I’m looking at the nanoGPT code from https://github.com/karpathy/nanoGPT/blob/master/model.py#L99 which has a single Causal Self Attention Block.
class Block(nn.Module):
def __init__(self, config):
super().__init__()
self.ln_1 = LayerNorm(config.n_embd, bias=config.bias)
self.attn = CausalSelfAttention(config)
self.ln_2 = LayerNorm(config.n_embd, bias=config.bias)
self.mlp = MLP(config)
def forward(self, x):
x = x + self.attn(self.ln_1(x))
x = x + self.mlp(self.ln_2(x))
return x
I’m trying to represent the Transformer model in nanoGPT (decoder only) using one of PyTorch’s built-in layers. I thought of using TransformerDecoder — PyTorch 2.1 documentation at first, but looking at the code suggests that it’s built for use as a decoder that accepts an encoder’s output. i.e. the memory
argument is required.
- memory (Tensor) – the sequence from the last layer of the encoder (required).

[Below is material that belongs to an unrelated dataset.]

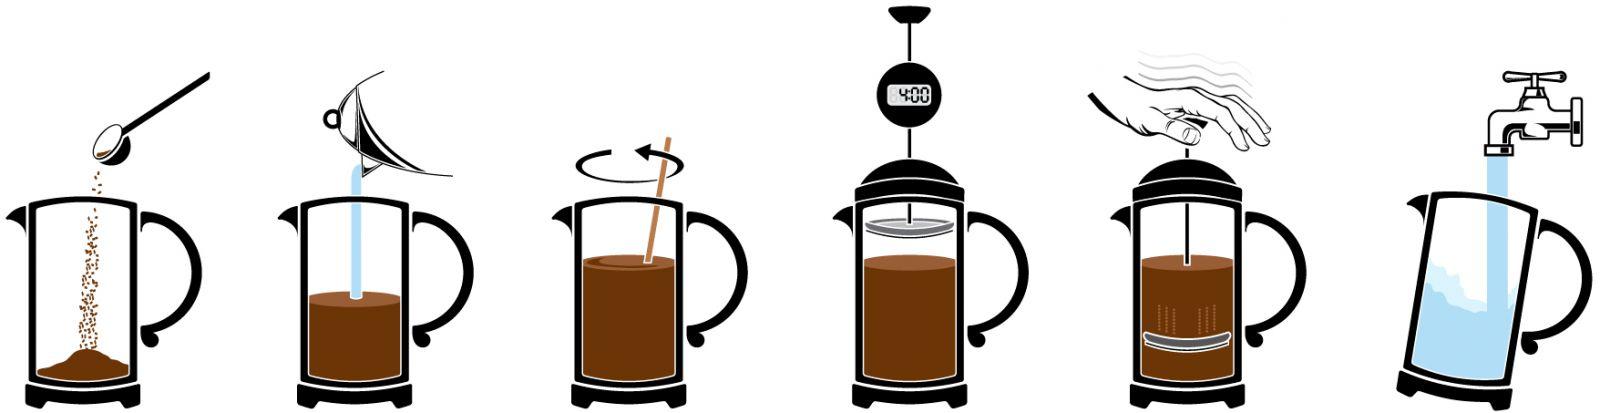 заварка кофе во френч прессе
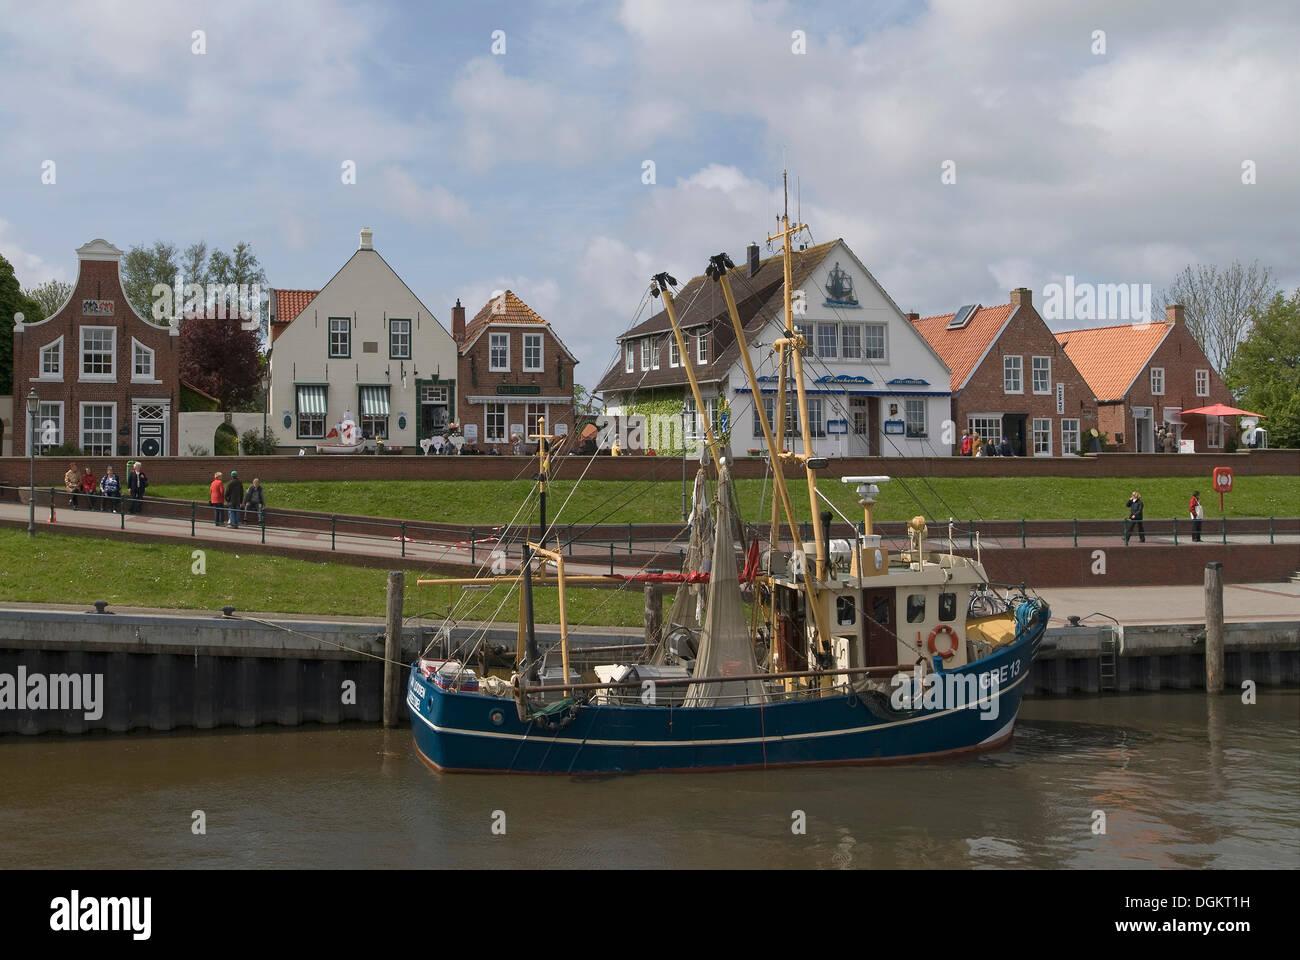 Los barcos camaroneros en Greetsiel Harbour delante del viejo dique, Krummhoern, Frisia Oriental, Baja Sajonia Foto de stock

I’m hoping that there’s some simple 1-2 line solution for this w/o me having to re-implement large parts of the code.
My initial attempt is to use TransformerEncoder
by passing in is_causal=True
. However, when I pass in is_causal=False
, I get the same result. I am a bit confused.
torch.manual_seed(23)
x = torch.randn(10, 30, 16)
ys = {}
for is_causal in (False, True):
torch.manual_seed(21)
enc_layer = nn.TransformerEncoderLayer(d_model=16, nhead=4, batch_first=True,)
enc = nn.TransformerEncoder(enc_layer, num_layers=2,)
ys[is_causal] = enc(x, is_causal=is_causal)
#
print(torch.allclose(ys[False], ys[True])) # prints 'True'.
I also found a tutorial on next word prediction using TransformerEncoder
at Language Modeling with nn.Transformer and torchtext — PyTorch Tutorials 2.1.1+cu121 documentation - however, it seems like the attention mask argument is not passed in to the model’s forward()
method.